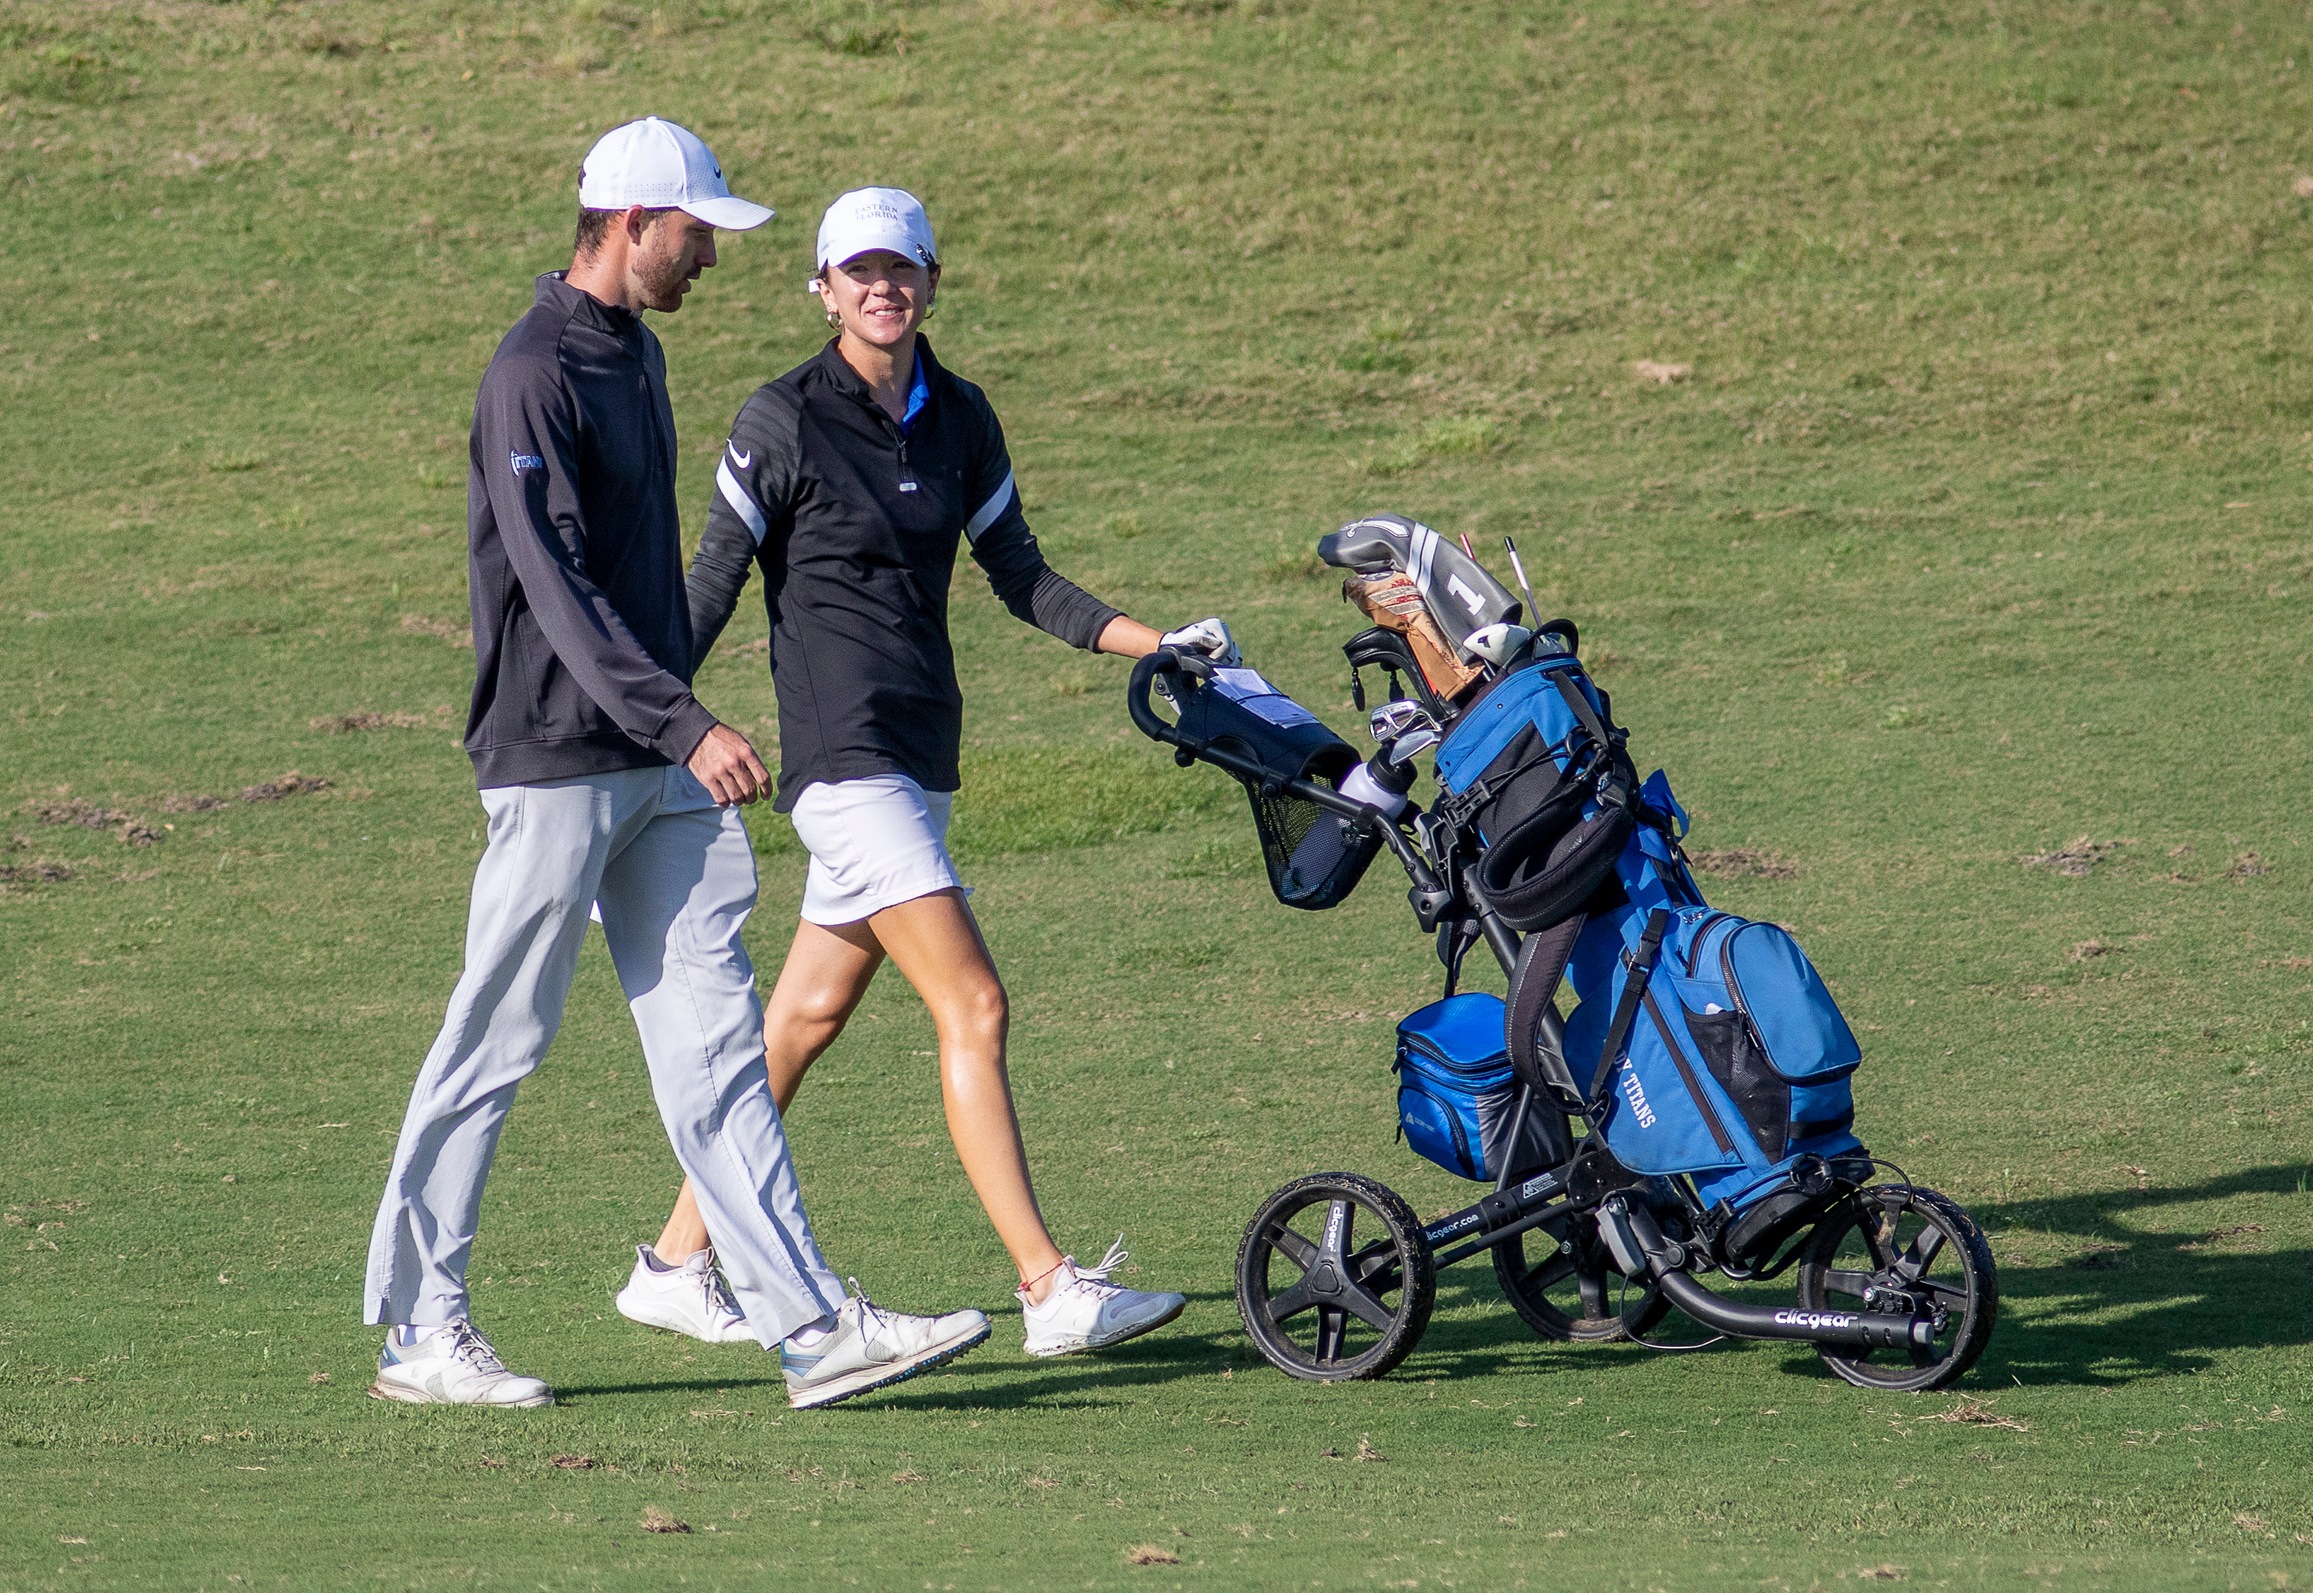 Women's golf team excited to make history, tee off at national tournament
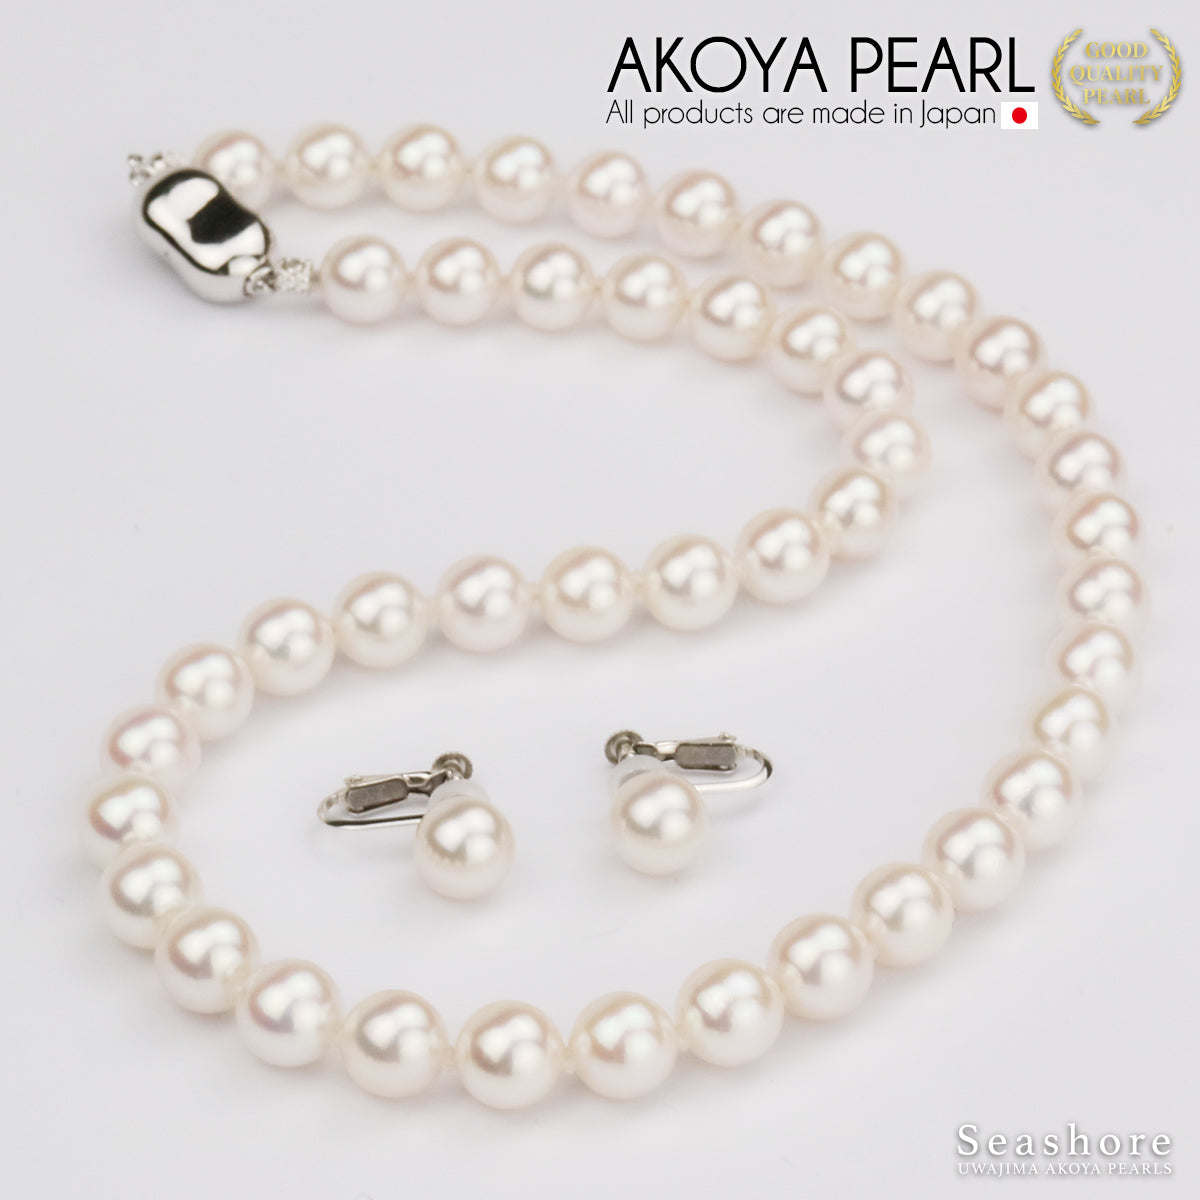 [Hanadama certified pearls] Formal necklace 2-piece set [8.5-9.0mm] (Earrings included) Akoya pearls with storage case [New Japan Pearl Research Institute certificate]
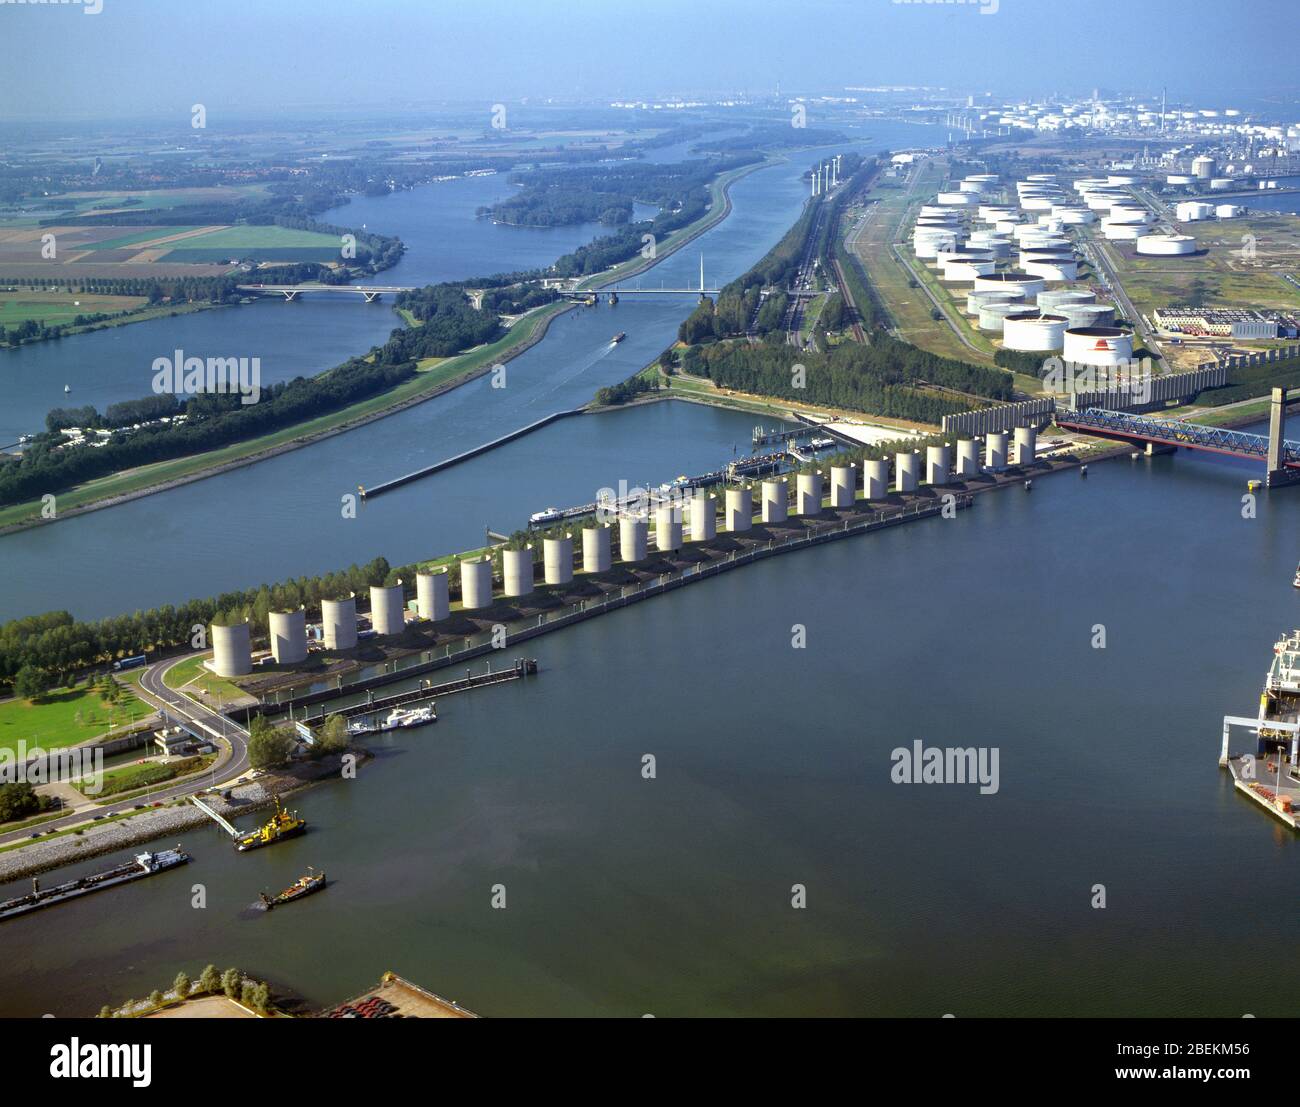 Rotterdam, Europoort, Holland, July 10 - 1997: Historical aerial photo of windscreen along the Caland canal to the Caland bridge designed by Maarten S Stock Photo

**Aim of the task:** No pictures, please. Output the listing above exactly as it stands.

**Result of this exercise:**
 Women's golf team excited to make history, tee off at national tournament
 [Hanadama certified pearls] Formal necklace 2-piece set [8.5-9.0mm] (Earrings included) Akoya pearls with storage case [New Japan Pearl Research Institute certificate]
 Rotterdam, Europoort, Holland, July 10 - 1997: Historical aerial photo of windscreen along the Caland canal to the Caland bridge designed by Maarten S Stock Photo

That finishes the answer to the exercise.